_INFORMATION PROVIDED_.
* * *

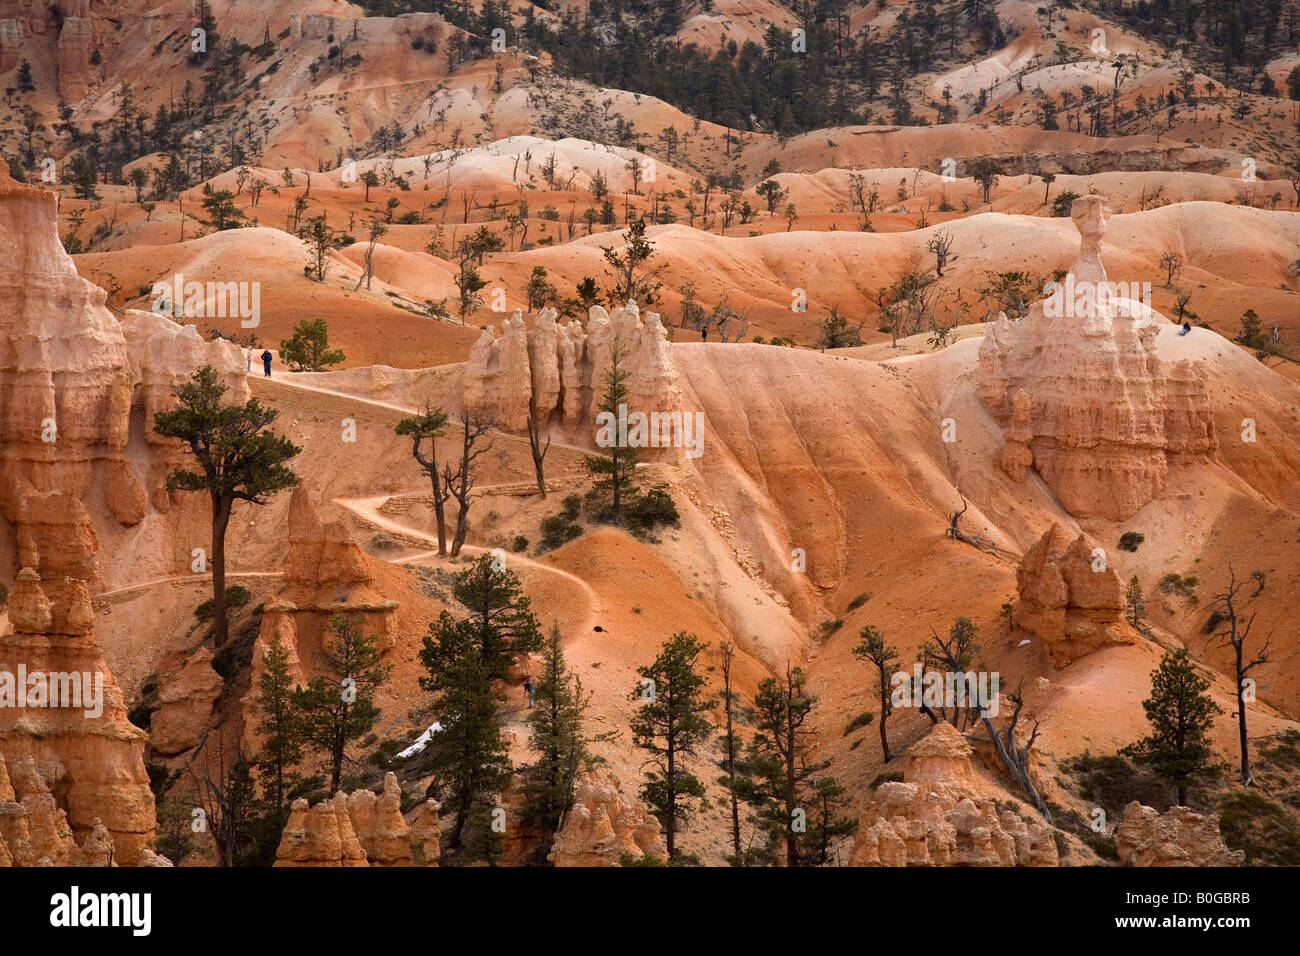 Hiking Trails in Bryce Canyon National Park, Utah Stock Photo
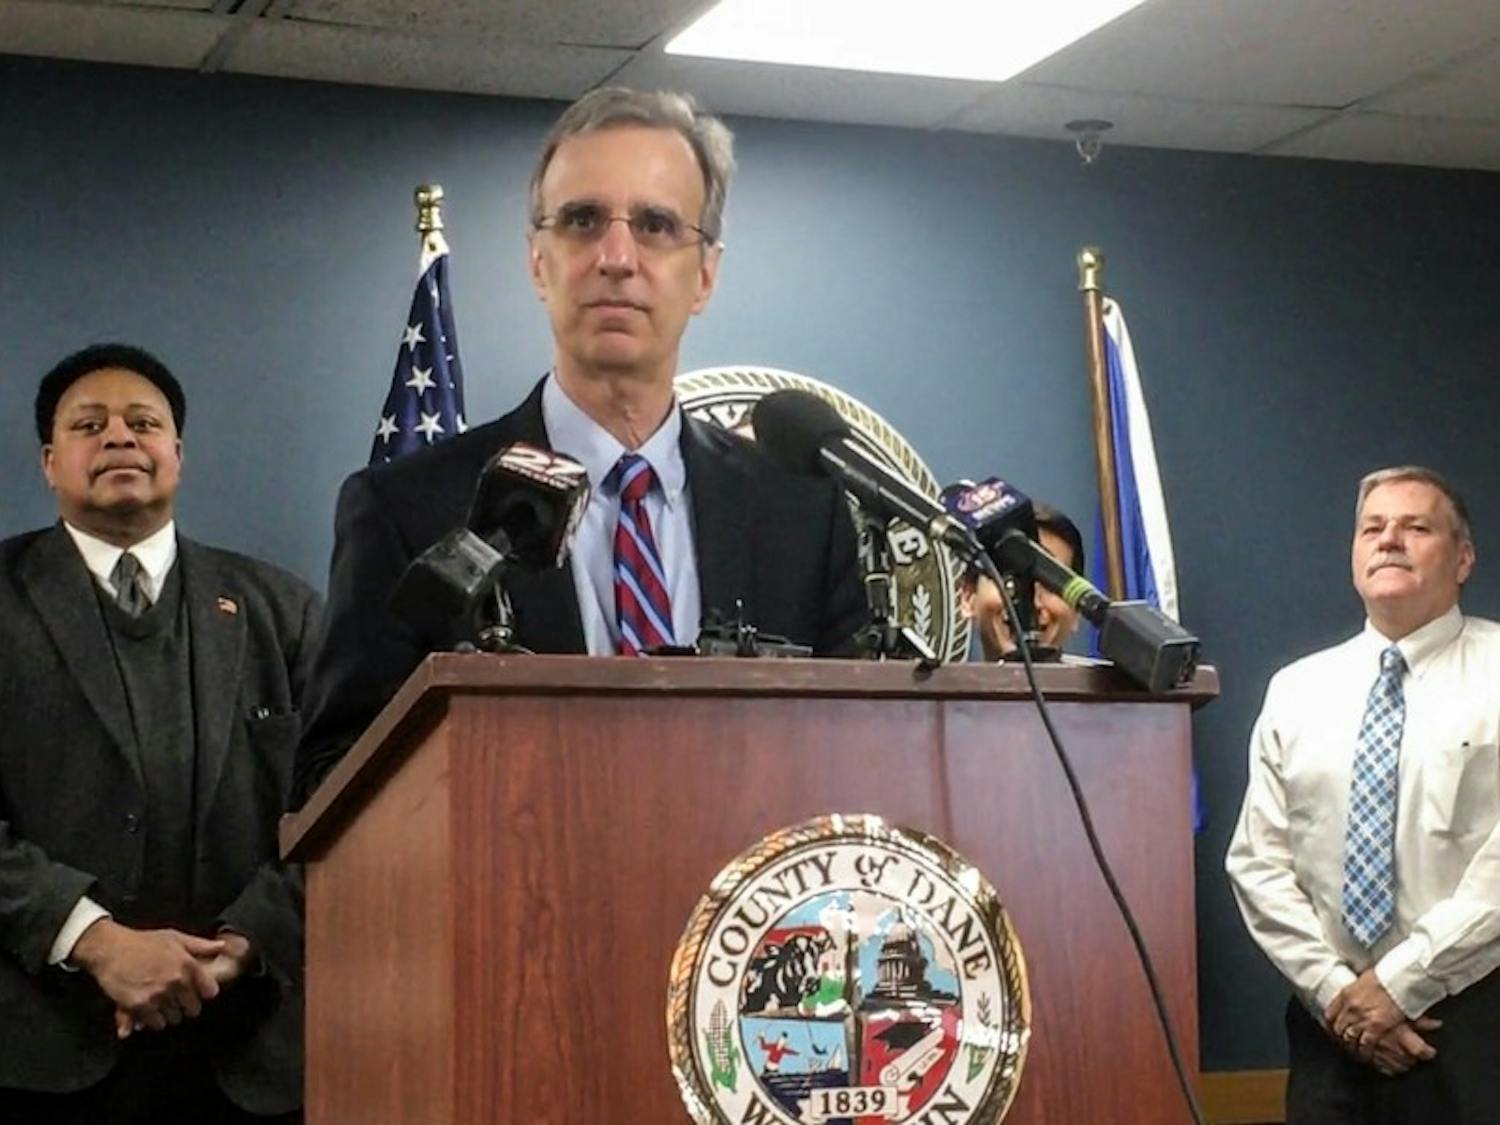 Dane County Executive Joe Parisi announced today that Dane County will be working with&nbsp;Baron and Budd in filing a federal lawsuit against drug&nbsp;manufacturers and distributors for their role in fueling the opioid epidemic.
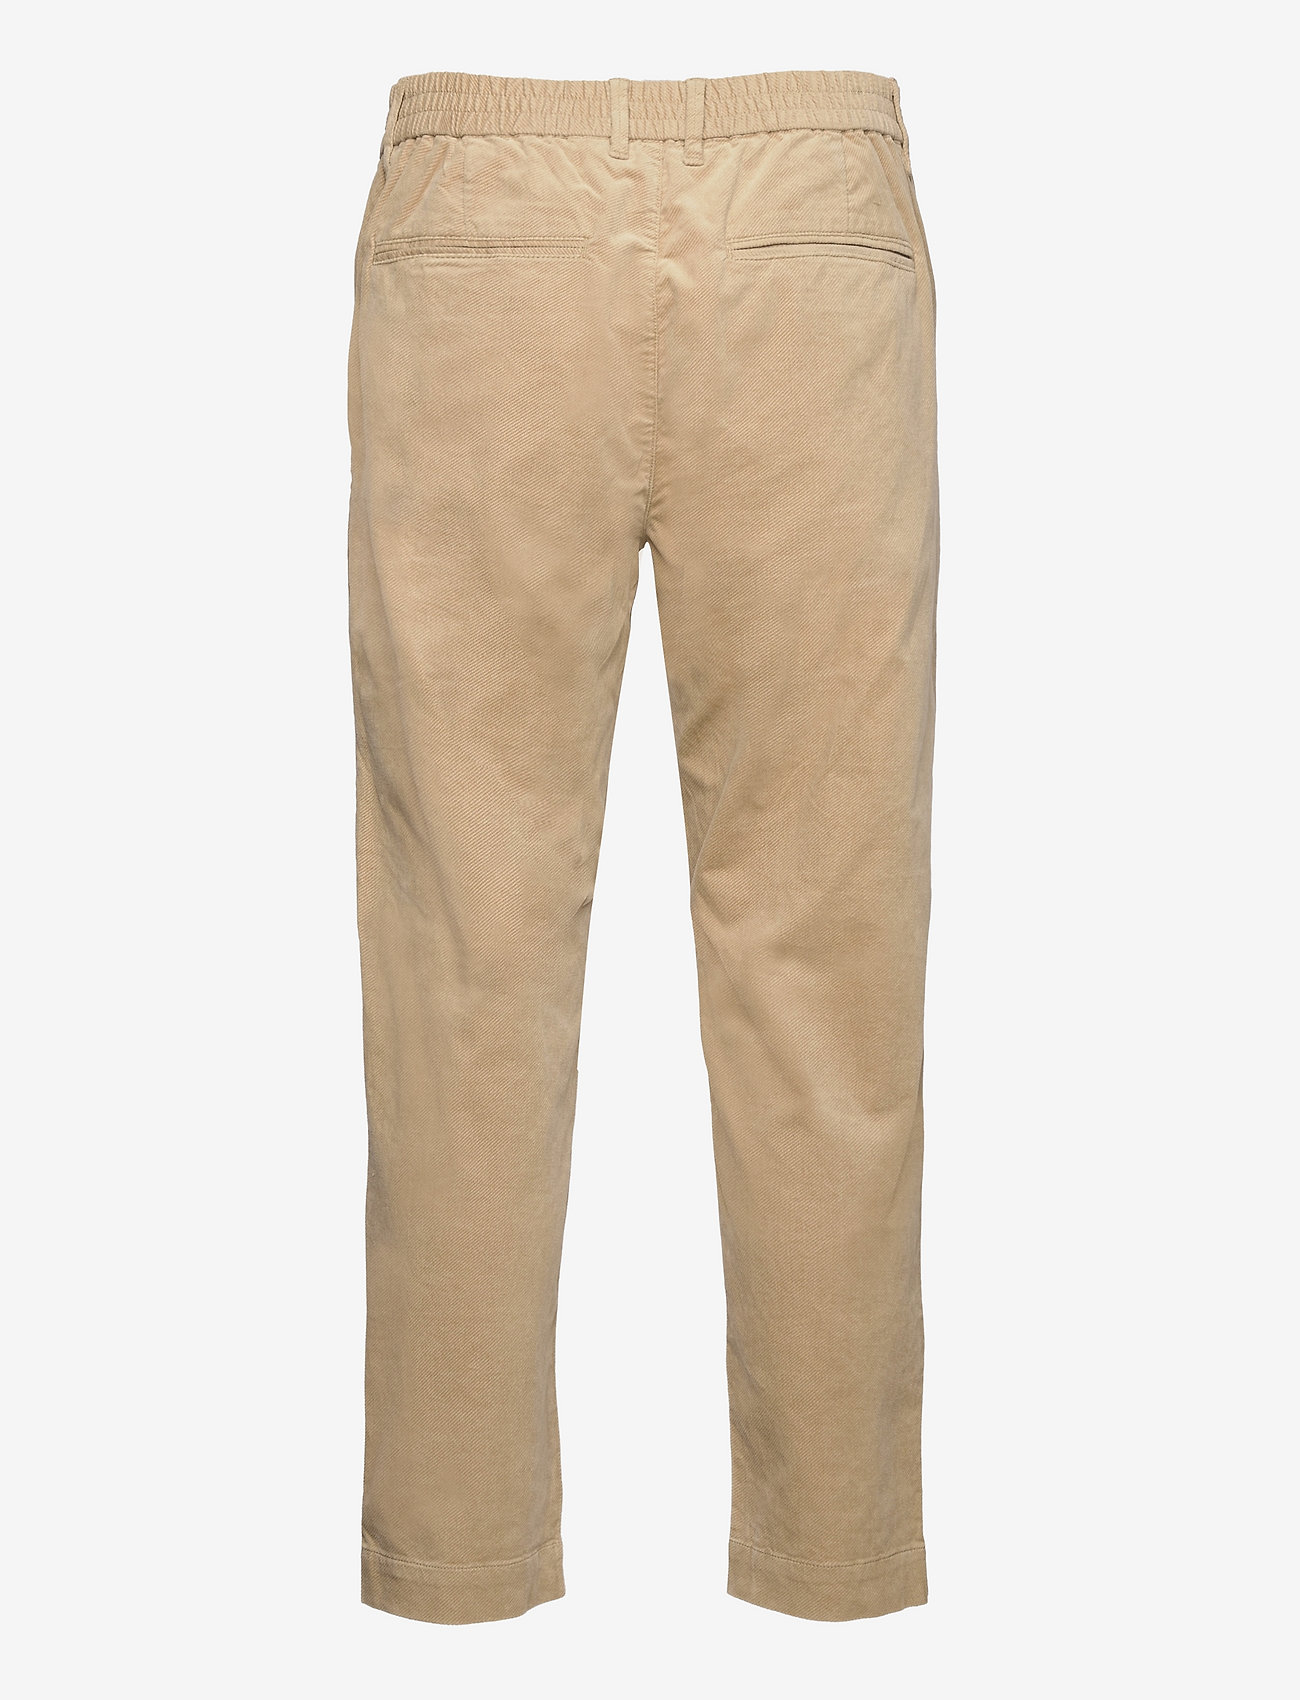 Esprit Collection - Men Pants woven cropped - chinos - beige - 1

* * *

_ABOUT THIS TASK_.
Copy out every line above, word for word, minus images.

_REPLY_.
 Hiking Trails in Bryce Canyon National Park, Utah Stock Photo
 Dane County Executive Joe Parisi announced today that Dane County will be working with&nbsp;Baron and Budd in filing a federal lawsuit against drug&nbsp;manufacturers and distributors for their role in fueling the opioid epidemic.
 Esprit Collection - Men Pants woven cropped - chinos - beige - 1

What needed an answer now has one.